But let's look from the massive scale public areas and look at a mini-version of this.

The dreaded "Reply All"
The issue is very pronounced, even at a small level - let me ask you:

How many people can you put on the CC of a conversation and still expect a reasonable e-mail thread with everyone hitting "REPLY ALL"?

I'd guess 5-7? Once you get very much beyond that, you're introducing people you probably don't know very well, and everything falls apart. Woe unto the office worker that sends a message to the entire company, and is followed with dozens of replies from dozens of semi-random people.
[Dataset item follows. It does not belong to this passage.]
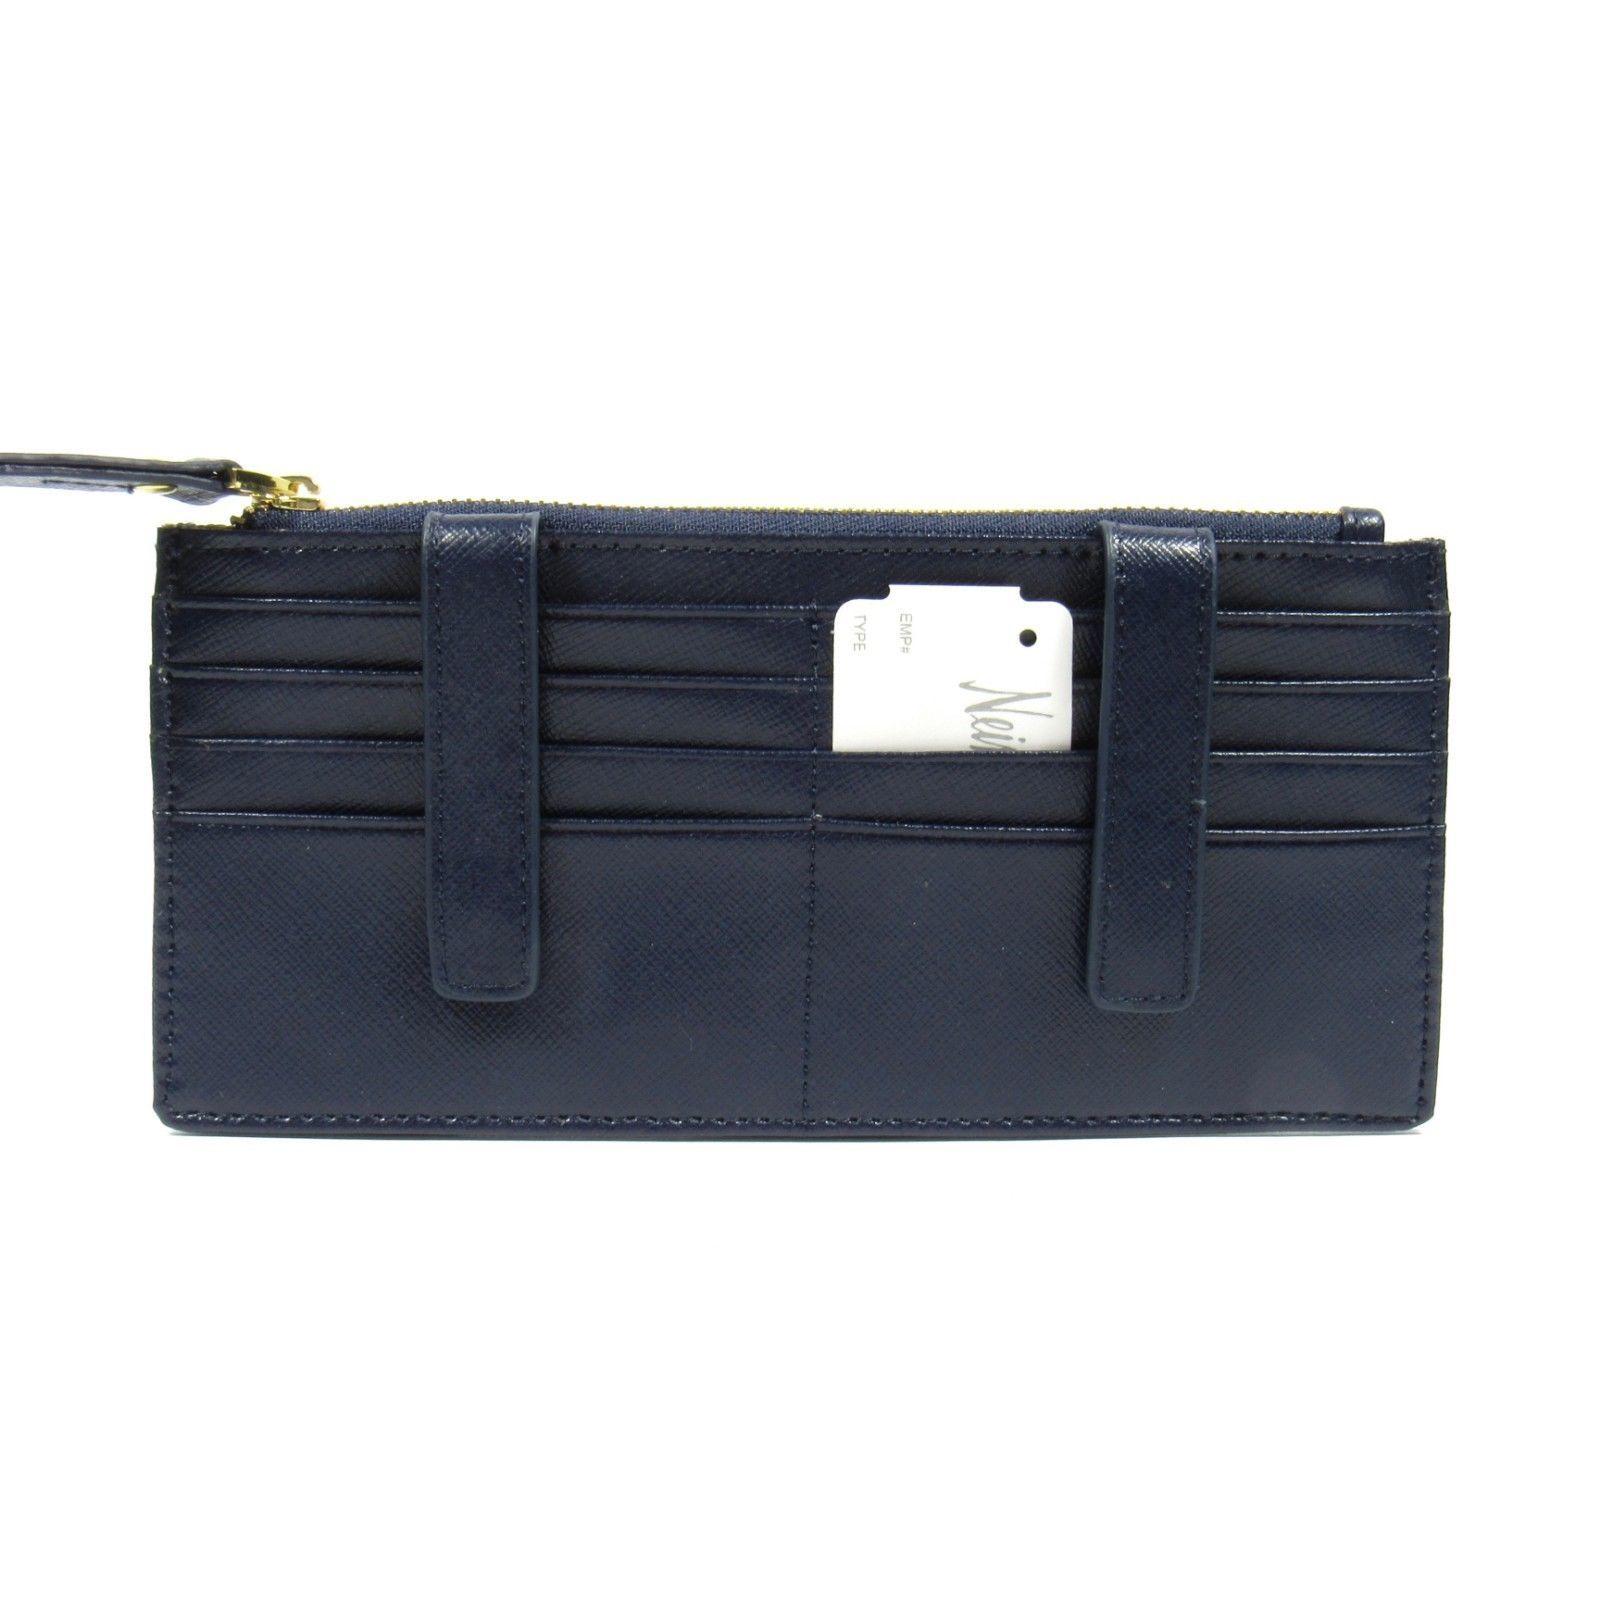 Neiman Marcus Women's ID Wallet Organizer Card Case.Saffiano Leather. Navy Blue

Of course, the effect from e-mail is exaggerated because we're more sensitive to messaging that's push rather than pull. It's less annoying to open an inbox with a whole bunch of these already in there, versus the scenario where a continual stream of irrelevant e-mails are being pushed to you.

(more below)

The Dunbar number
Perhaps this has to do with the Dunbar number, which governs how well people are able to maintain relationships. Quick refresher on Dunbar number, if it doesn't ring a bell:

Dunbar's number, which is 150, represents a theoretical maximum number of individuals with whom a set of people can maintain a social relationship, the kind of relationship that goes with knowing who each person is and how each person relates socially to every other person.[1] Group sizes larger than this generally require more restricted rules, laws, and enforced policies and regulations to maintain a stable cohesion. Dunbar's number is a significant value in sociology and anthropology.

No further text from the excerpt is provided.